(What you need to do): Starting with the line that contains "Pikachu und Evoli</a>", return every line through the end of the listing below exactly as written. Omit the pictures.

(Recorded data):

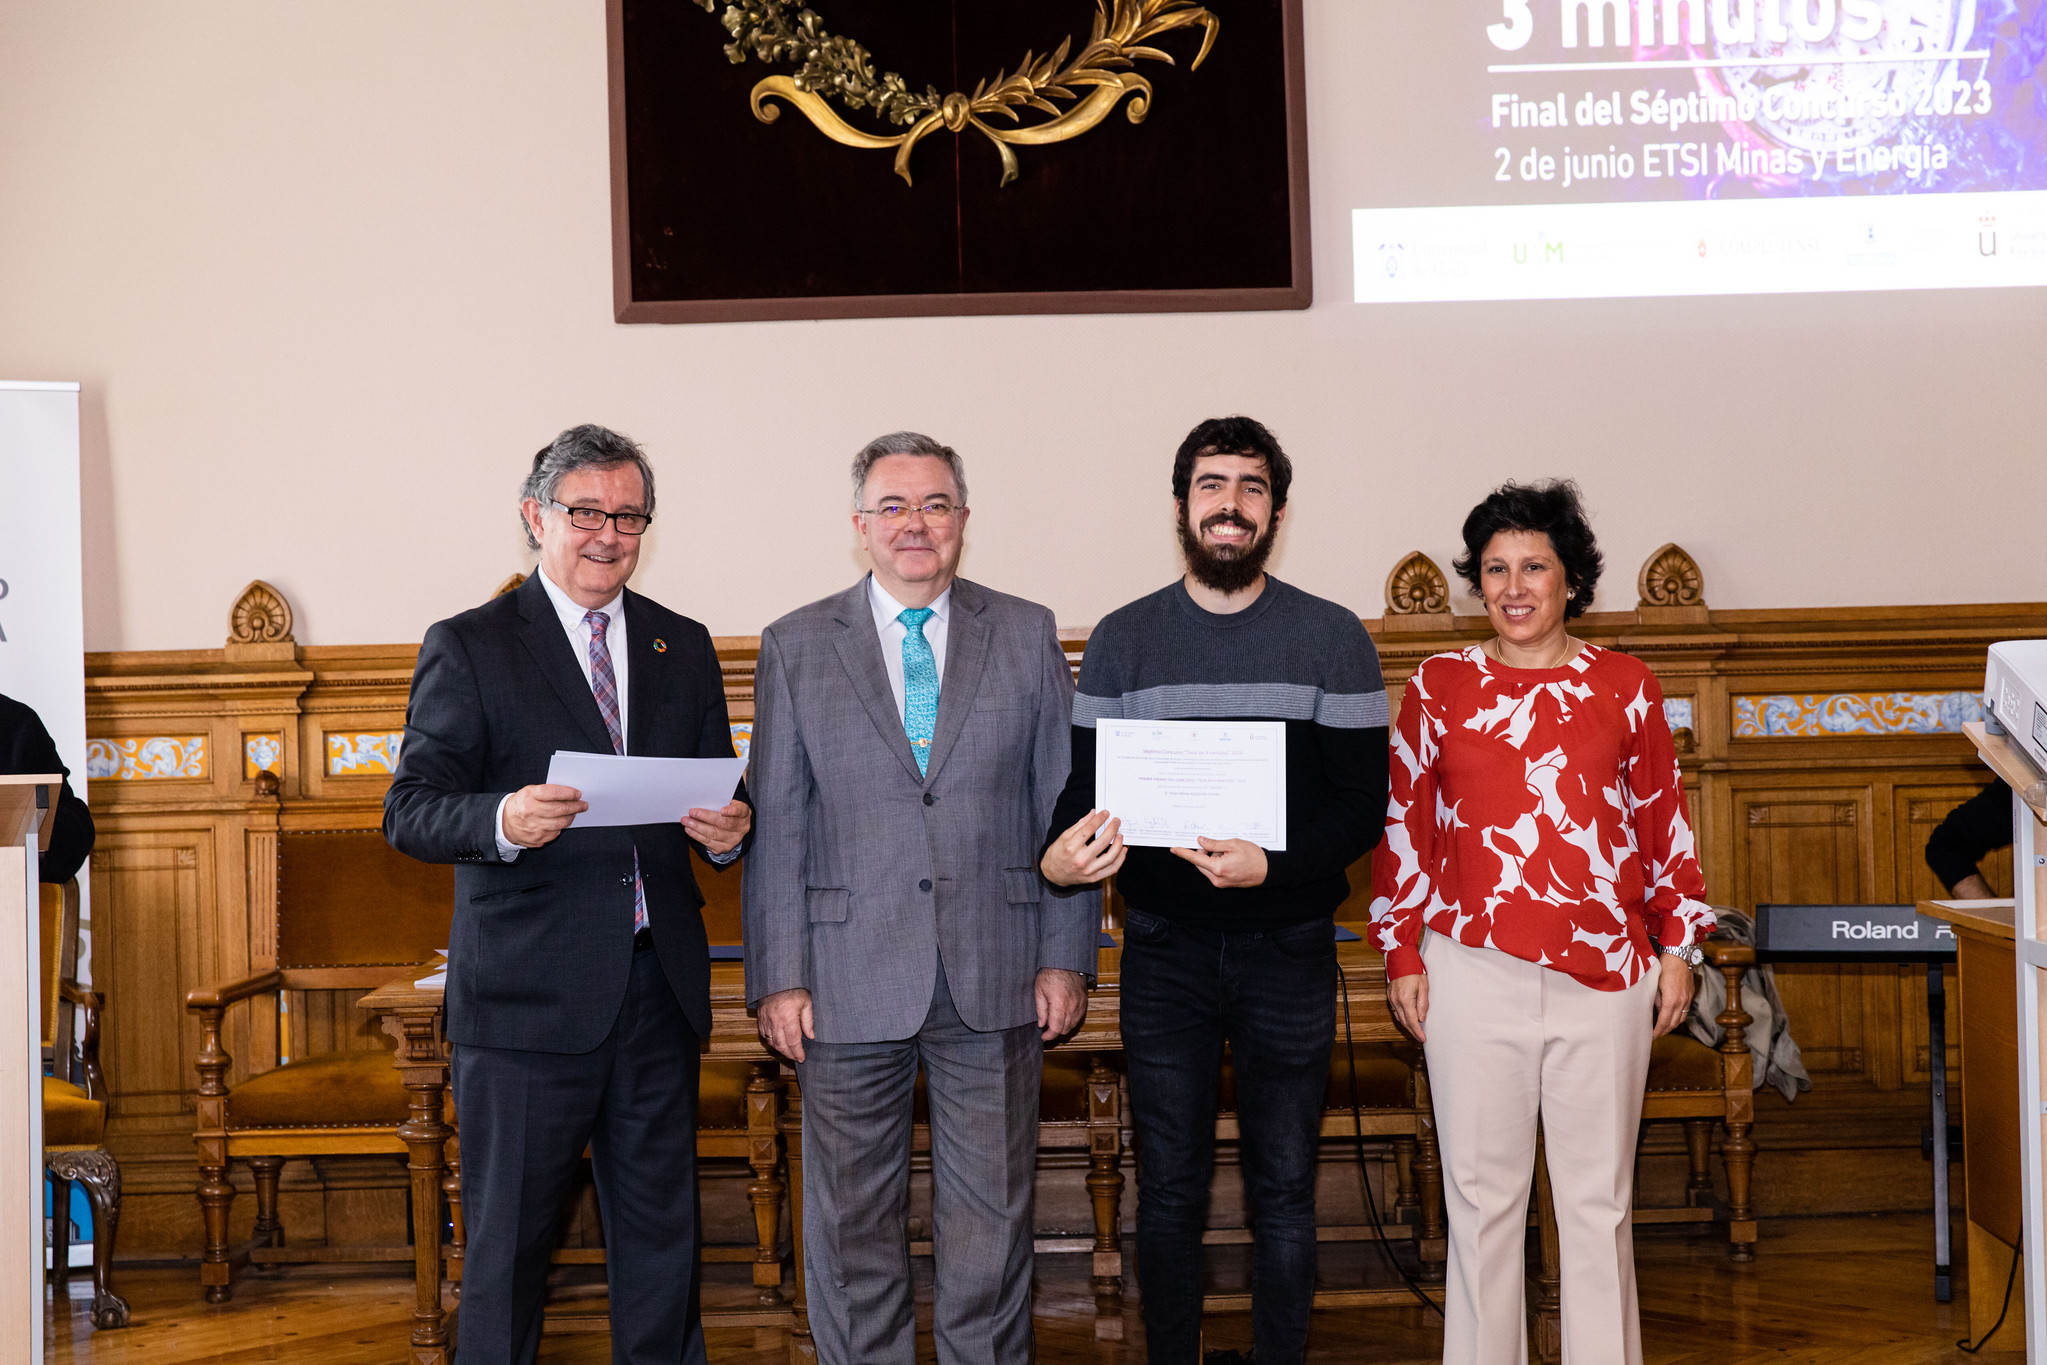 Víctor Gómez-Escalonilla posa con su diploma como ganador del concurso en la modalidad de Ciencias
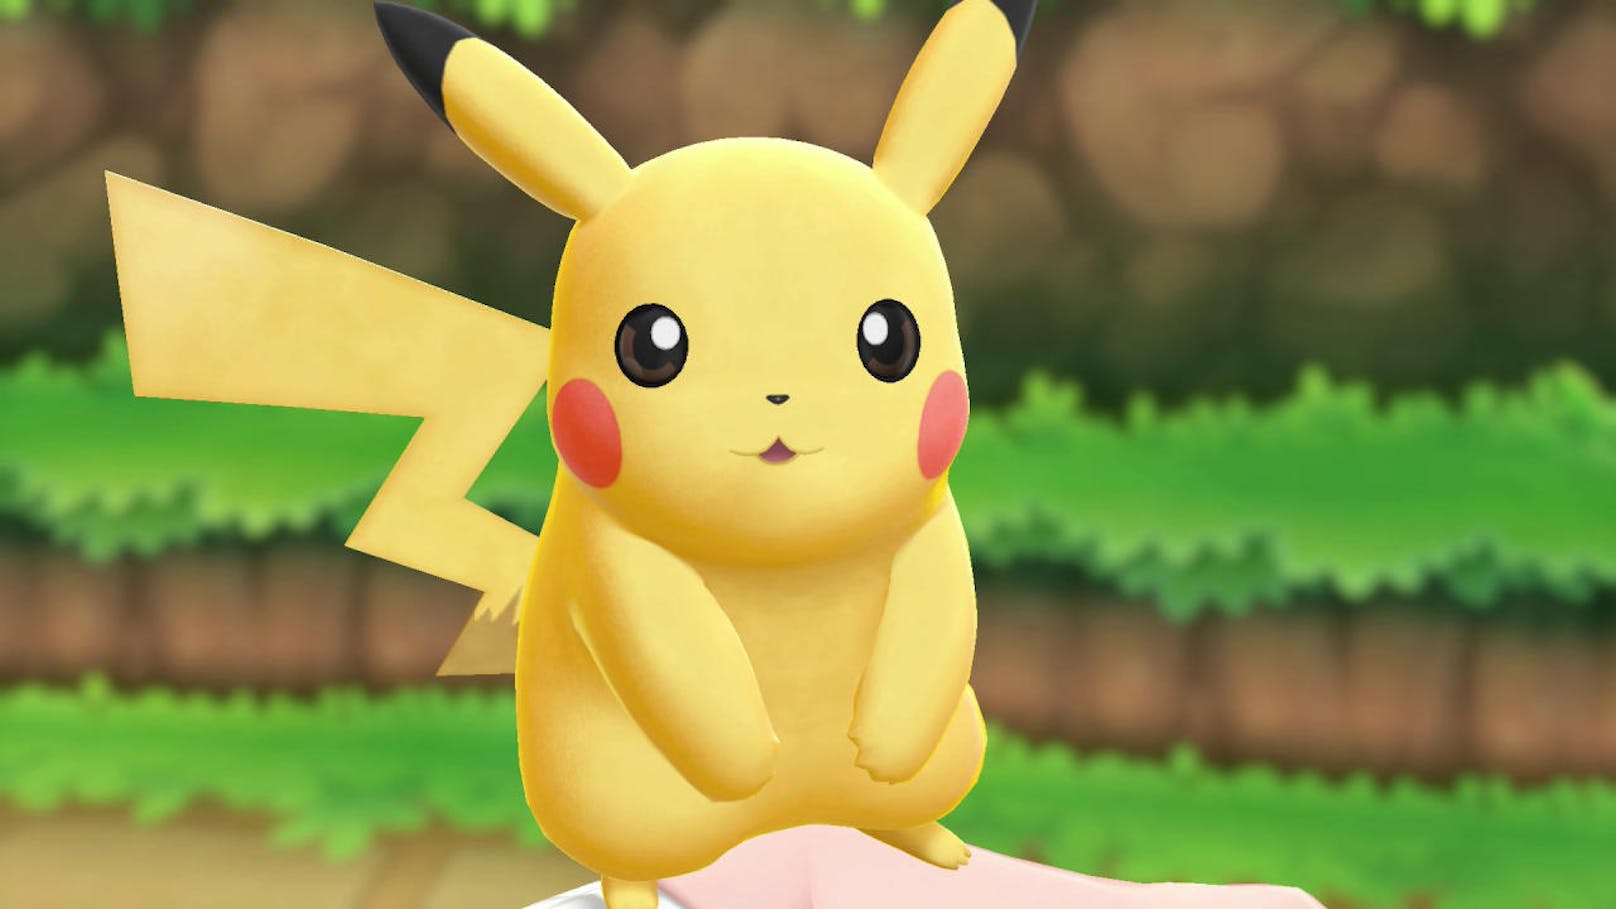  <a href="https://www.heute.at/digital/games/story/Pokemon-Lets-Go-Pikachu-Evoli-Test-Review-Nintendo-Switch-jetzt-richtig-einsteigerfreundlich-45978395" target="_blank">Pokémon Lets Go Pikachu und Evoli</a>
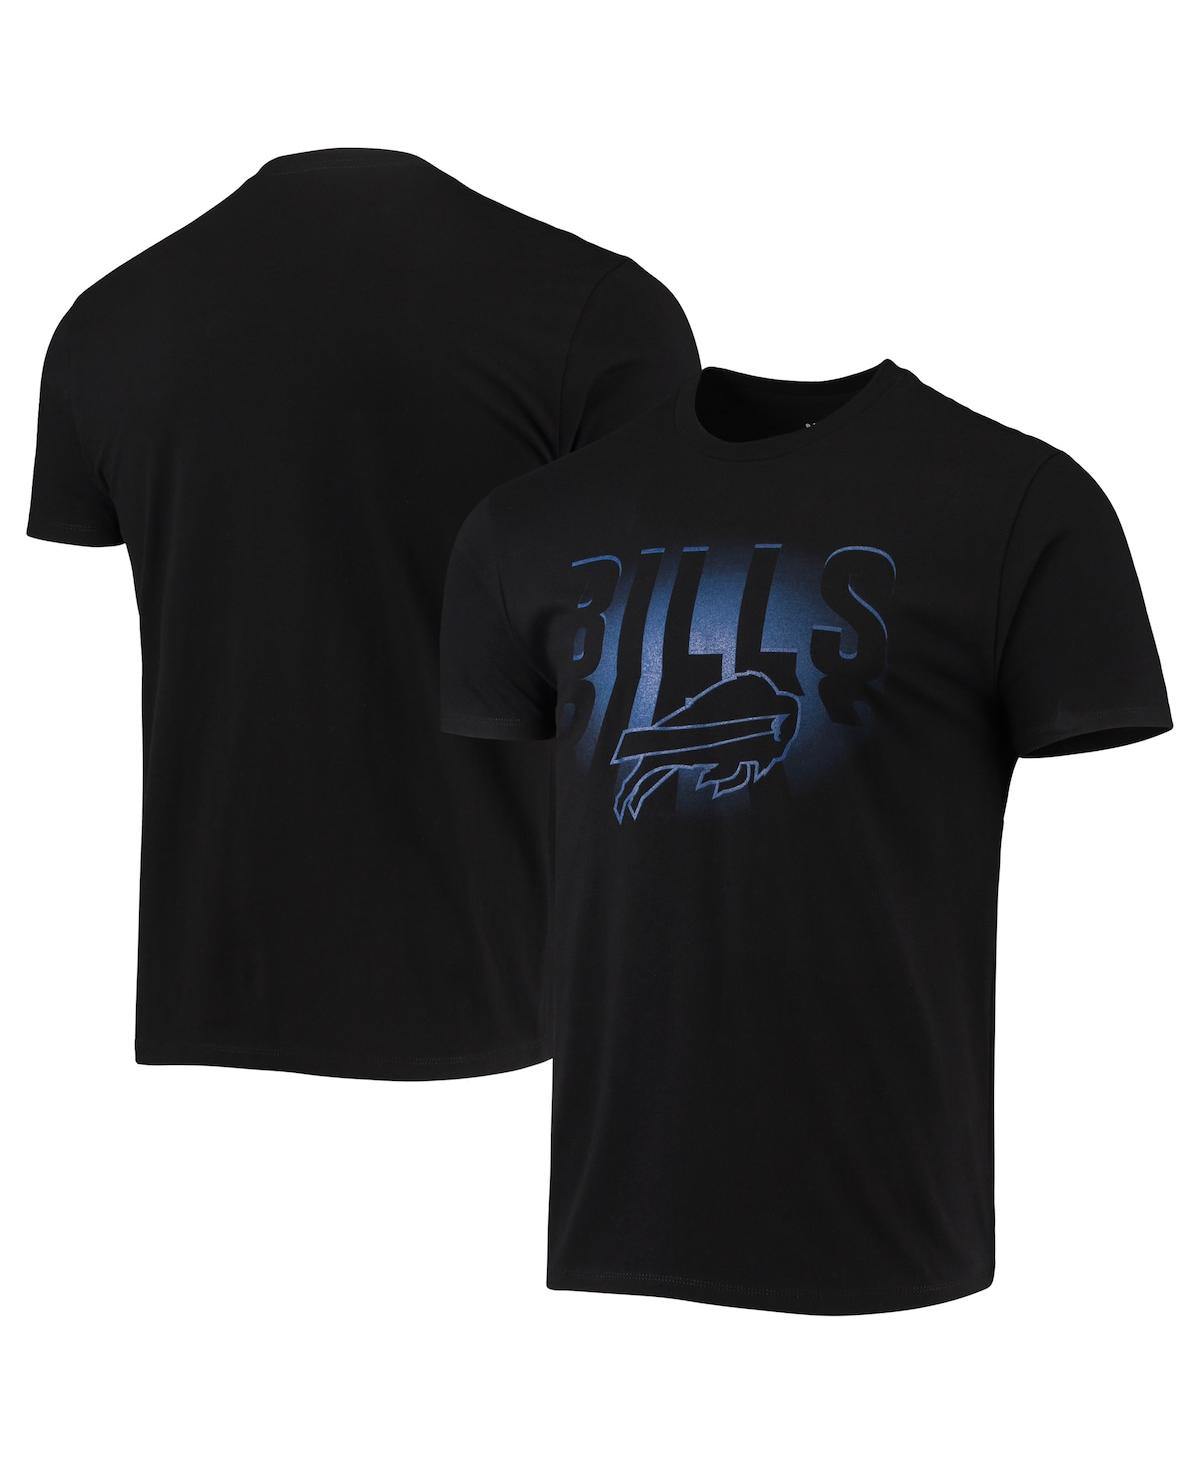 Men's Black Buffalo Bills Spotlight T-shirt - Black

(Written answer):
  <a href="https://www.heute.at/digital/games/story/Pokemon-Lets-Go-Pikachu-Evoli-Test-Review-Nintendo-Switch-jetzt-richtig-einsteigerfreundlich-45978395" target="_blank">Pokémon Lets Go Pikachu und Evoli</a>
 Men's Black Buffalo Bills Spotlight T-shirt - Black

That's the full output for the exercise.